SILVER SPRING, MarylandMembers of the Oncologic Drugs Advisory Committee (ODAC) unanimously recommended that the Food and Drug Administration grant accelerated approval to Fragmin (dalteparin sodium, Pfizer) for the extended treatment of symptomatic venous thromboembolism (VTE), proximal deep vein thrombosis (DVT), and/or pulmonary embolism (PE) to reduce the recurrence of VTE in patients with cancer.
The recommendation came after a long discussion with Pfizer and FDA representatives about whether some data presented by the company was, in fact, an important safety warning. After that question was resolved, the panel voted 12-to-0 that the totality of safety and efficacy results presented by Pfizer warranted approval of the company's supplemental marketing application. "I think the overall risk-benefit can be dealt with by some labeling initiatives," said William Hiatt, MD, professor of medicine, University of Colorado, and a member of FDA's Cardio-Renal Advisory Committee, who served as a voting consultant during ODAC's Fragmin deliberations.
Fragmin is a low-molecular-weight heparin whose antithrombotic properties derive from enhanced inhibition of Factor Xa and thrombin by antithrombin. In humans, the drug preferentially increases the inhibition of coagulation Factor Xa while only slightly affecting clotting time. Fragmin first received FDA approval in 1994 for the prophylaxis of DVT that might lead to PE in patients undergoing abdominal surgery.
Venous thromboembolism occurs in about 1 in 200 cancer patients. Cancer increases the risk of VTE up to 7 times and the risk of a recurrent clot 3.2 times, compared with noncancer patients. Said Craig Eagle, MD, head of Pfizer Worldwide Medical Oncology: "We note that there is no FDA-approved medication for the prevention of recurrent VTE in cancer patients, and low-molecular-weight heparin has the potential to confer clinical benefit in the management of VTE."
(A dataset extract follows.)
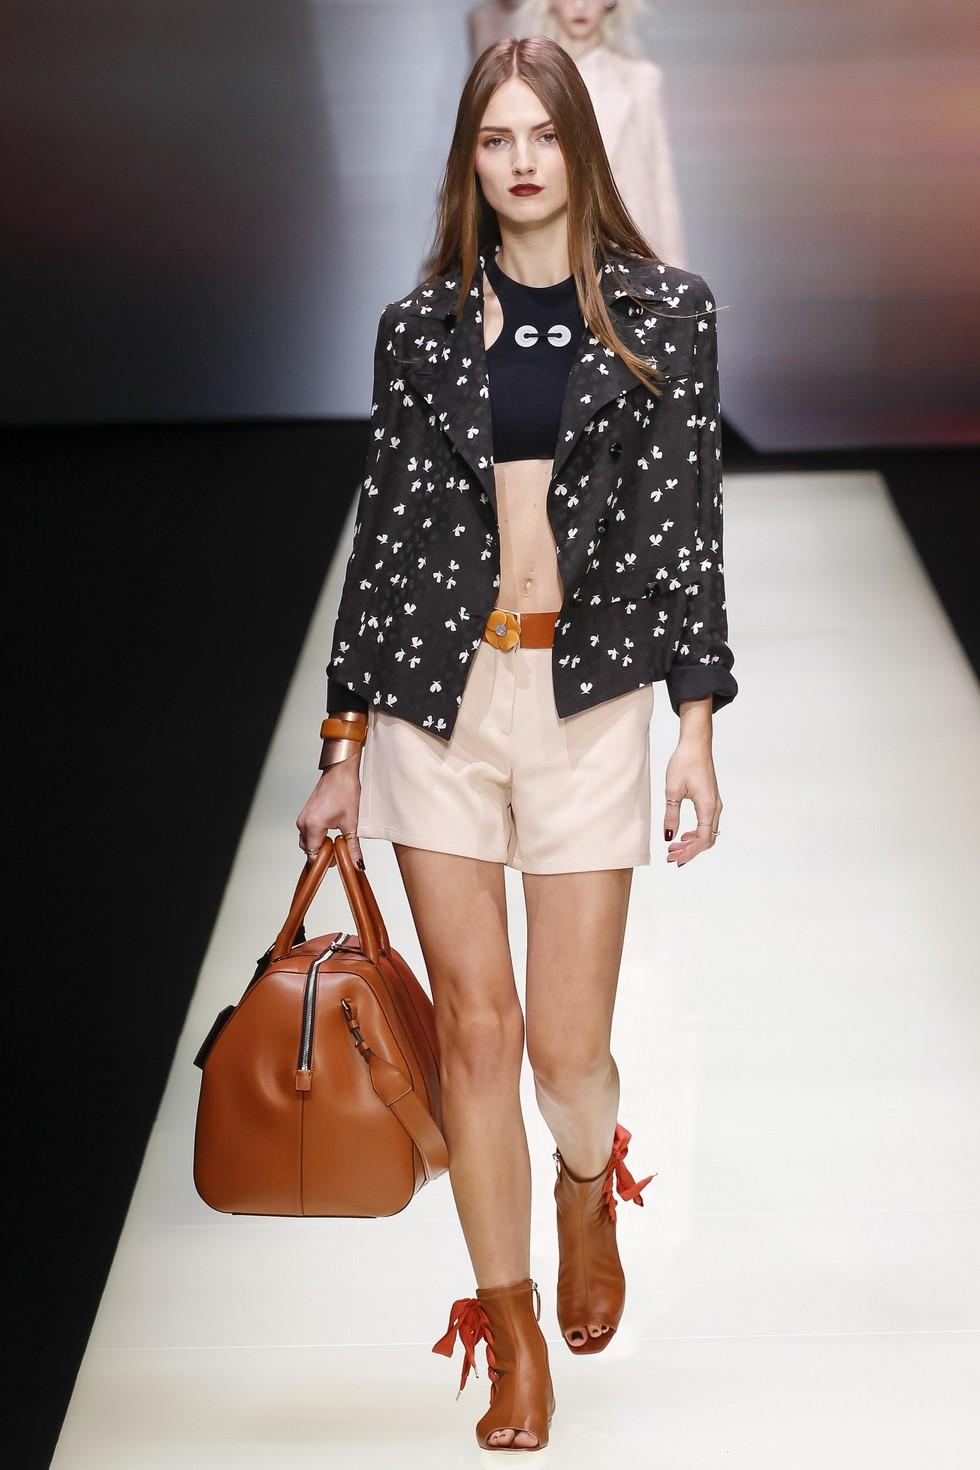 Milan Fashion Week 2016 Spring Summer News Day three best moments-Emporio Armani

To support its application, Pfizer presented data from CLOT (Comparison of Low Molecular Weight Heparin vs Oral Anticoagulant Therapy for Long-term Anticoagulation in Cancer Patients With Venous Thromboembolism), a multinational, multicenter, randomized, open-label trial published in 2003.
The trial equally randomized 676 cancer patients with proximal DVT and/or PE to receive either Fragmin plus oral anticoagulant (OAC) or OAC alone for 6 months or until death. The majority of patients had solid tumors; only 40 (11.8%) in the Fragmin arm and 30 (8.9%) in the OAC-only group had hematologic malignancies.
The primary endpoint was objectively documented, symptomatic recurrence of DVT and/or PE. Secondary endpoints were symptomatic DVT, PE, or central venous thrombosis (CVT) of the upper limbs, neck, or chest; any bleeding; major bleeding; and death. Patients were followed for survival up to 12 months. The efficacy results were based on the intention-to-treat population and the safety findings on those actually treated (three individuals in the OAC-only arm did not receive treatment).